Bitcoin Fear and Green Index Newsletter. Block 27
By Bitcoin Fear And Greed Index • Issue #27 • View online
Welcome to this week’s issue of Bitcoin Fear and Green Index Newsletter. It is a community-driven effort, and we all hope to see this newsletter grow with quality insight and analytics from community contributors like yourself. Read till the end to learn how you can participate.

Current Bitcoin Fear and Greed Index
This week’s Technical Analysis
This past week, Bitcoin corrected -18% and tested a critical crossroads level. In today’s newsletter, I will cover the current state of Bitcoin, what it did, and what it has to do next in order to regain its bullish momentum. I will also discuss the macro environment and how it could potentially affect Bitcoin’s price in the short to mid-term.
The Line In The Sand:
If there is one level that could act as a major crossroads for Bitcoin today, it’s ~$36,000. Not only is this a significant point of control, it’s also the same level that Bitcoin rebounded off after the failed initiatory test of the 21 day EMA. If Bitcoin broke below it then, the 21 EMA test would’ve been rendered unsuccessful, and a revisit to the local bottom around $33,000 would have been inevitable.

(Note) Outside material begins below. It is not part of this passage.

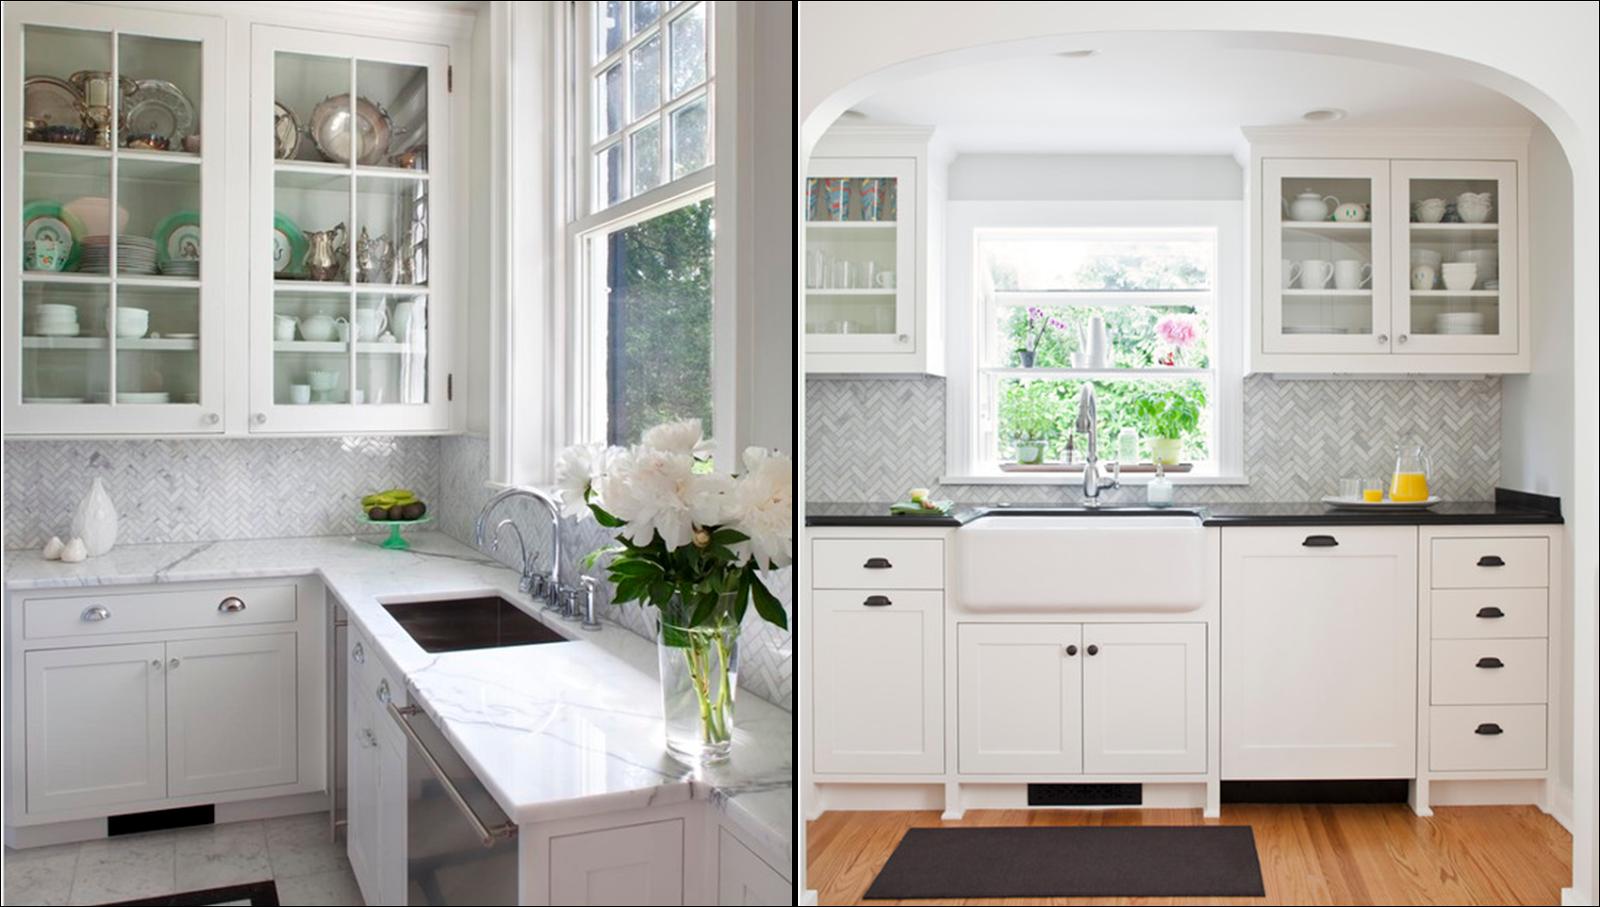 My Dream Kitchen Fashionandstylepolice: {Jessica Stout Design}: Getting My Dream Kitchen.....Kind Of
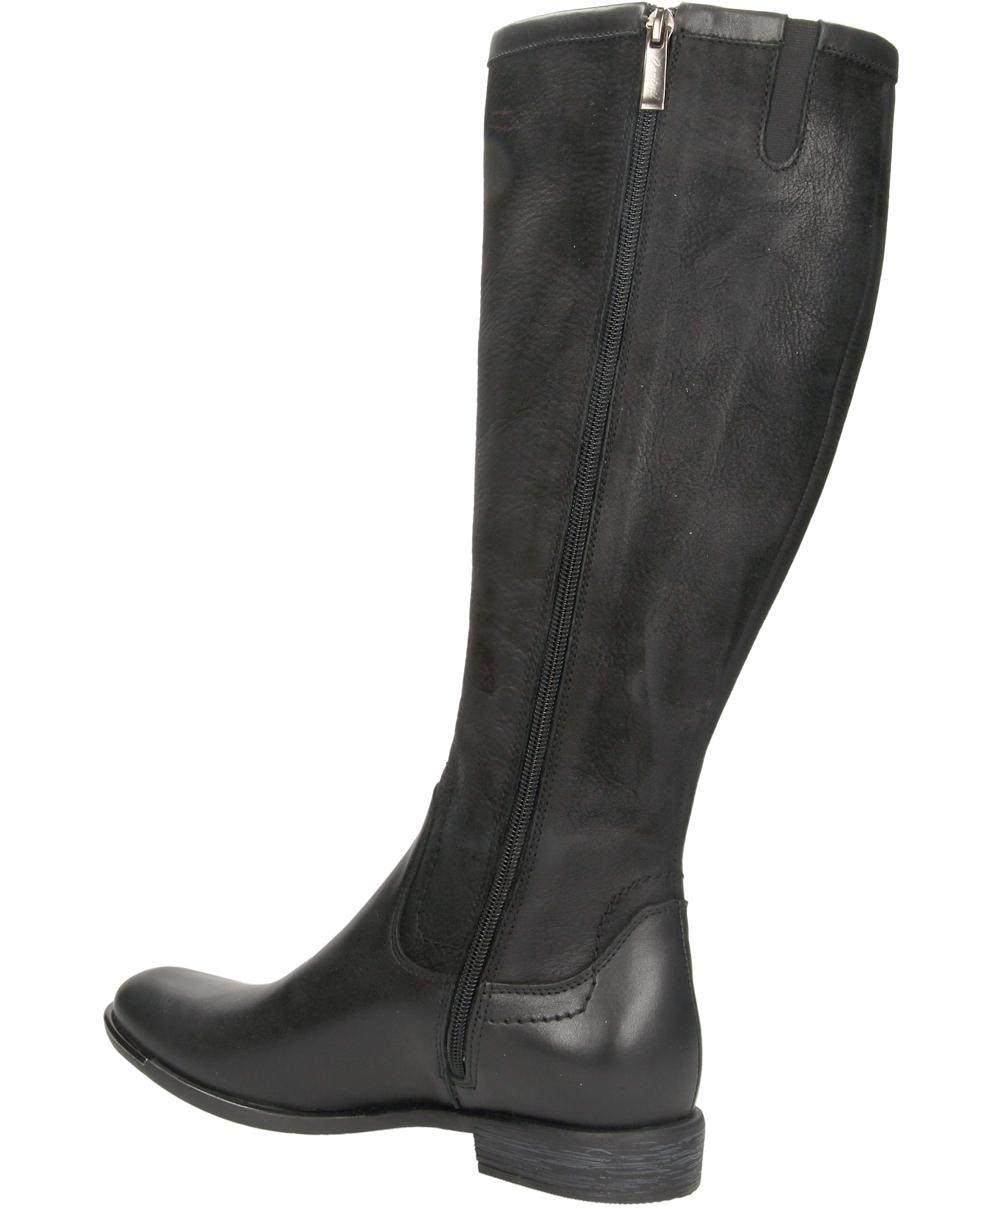 KOZAKI CARINII L_1740 kolor czarny

The chart above illustrates the different stages that Bitcoin went through with regards to the 21 EMA test. More importantly, it shows us the key levels for Bitcoin, their implications, and how the current correction still hasn’t crossed the bearish line in the sand. While the $38,000-$39,000 zone is acting as the rebound area for capitulation, Bitcoin briefly crossed below it, bounced off ~$36,000, and is now back inside the rebound area. The chart above doesn’t show this, but Bitcoin is currently at ~$38,800. Breaking out of this zone to the upside would have several bullish implications; One key possibility would be the continuation of the rally to a target around $47,000. It’s important to note that the rally becomes invalid if Bitcoin closes a day below $36,000.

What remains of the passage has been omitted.